Why unlearning matters more than ever
Hybrid work has rewritten the rulebook. The routines that held teams together in the office can feel clunky or irrelevant online. The systems that made sense last year might be slowing you down today.
Still, most organisations respond by adding more. More tools. More training. More processes. But more doesn’t always mean better. Sometimes it just means heavier.
Unlearning is about making space. It’s the process of saying, this used to serve us, but it doesn’t anymore. It’s choosing agility over attachment.
And the payoff? Focus, speed, and a team that can actually adapt rather than just react.
What unlearning looks like in practice
Start with assumptions.
Every company has invisible rules: how meetings run, who speaks, what “good” looks like. Ask which of those still drive value and which just take up space.
Revisit your metrics.
If success is measured by volume, you’ll keep adding. Try measuring impact instead. It changes the decisions people make overnight.
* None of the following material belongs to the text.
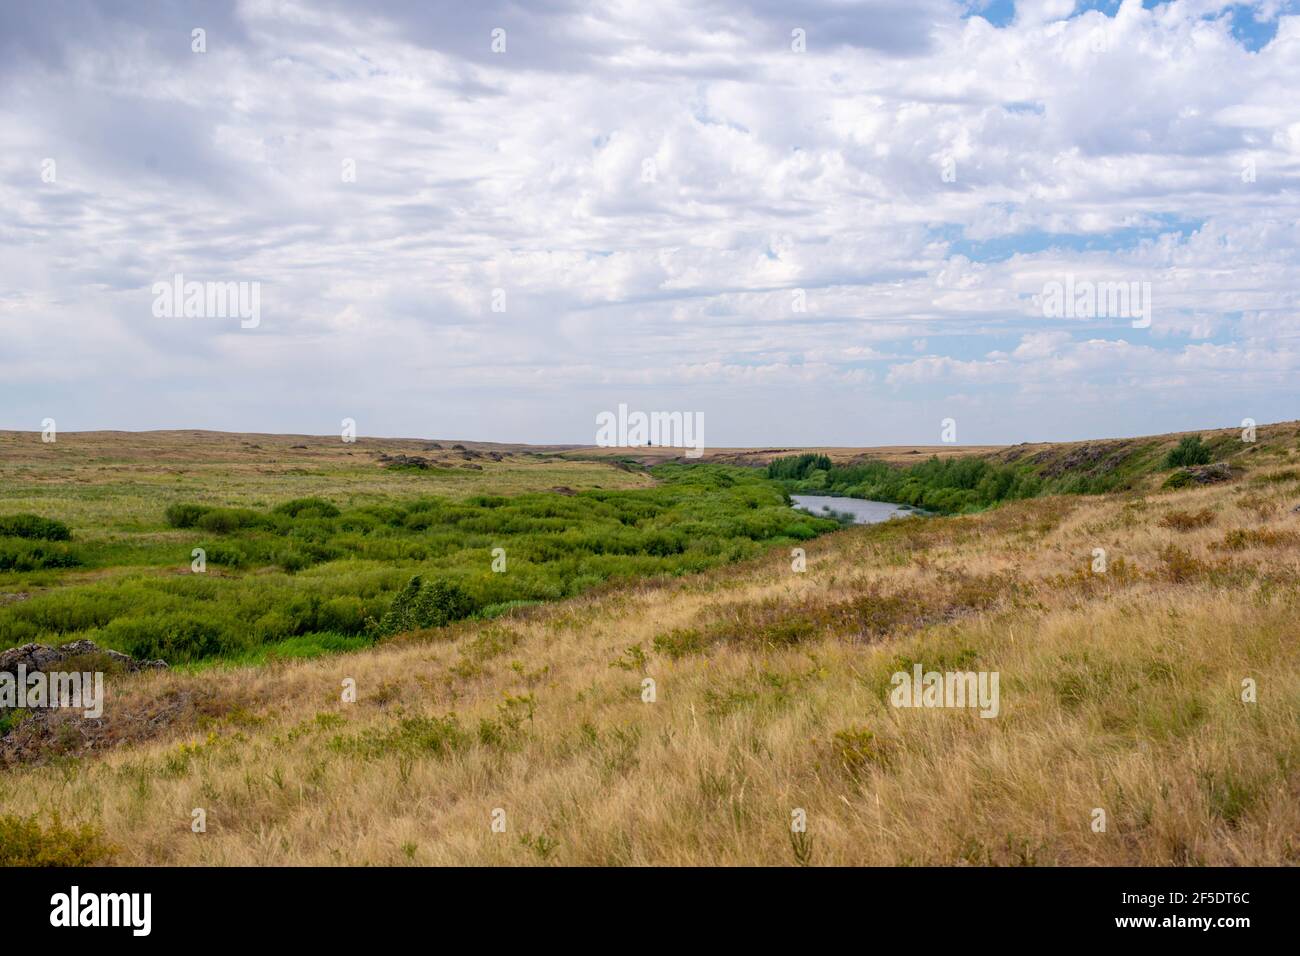 river bed cloudy sky dry yellow grass Stock Photo

Create space for reflection.
Unlearning needs time. Build in moments to pause and ask, “What should we stop doing?” The best teams learn by subtraction as much as by addition.
Model it from the top.
When leaders say, “We were wrong,” or “That no longer fits,” they give everyone else permission to adapt. That kind of honesty creates momentum.
The courage to let go
Unlearning sounds simple but it takes bravery. It means admitting that what got you here might not get you there. It means trading certainty for possibility.
But that’s also where growth begins.
Letting go isn’t losing. It’s making room for what’s next.
So before you add another program, tool, or initiative this year, ask what might happen if you removed one instead. You might be surprised how light progress can feel when you stop carrying what no longer serves you.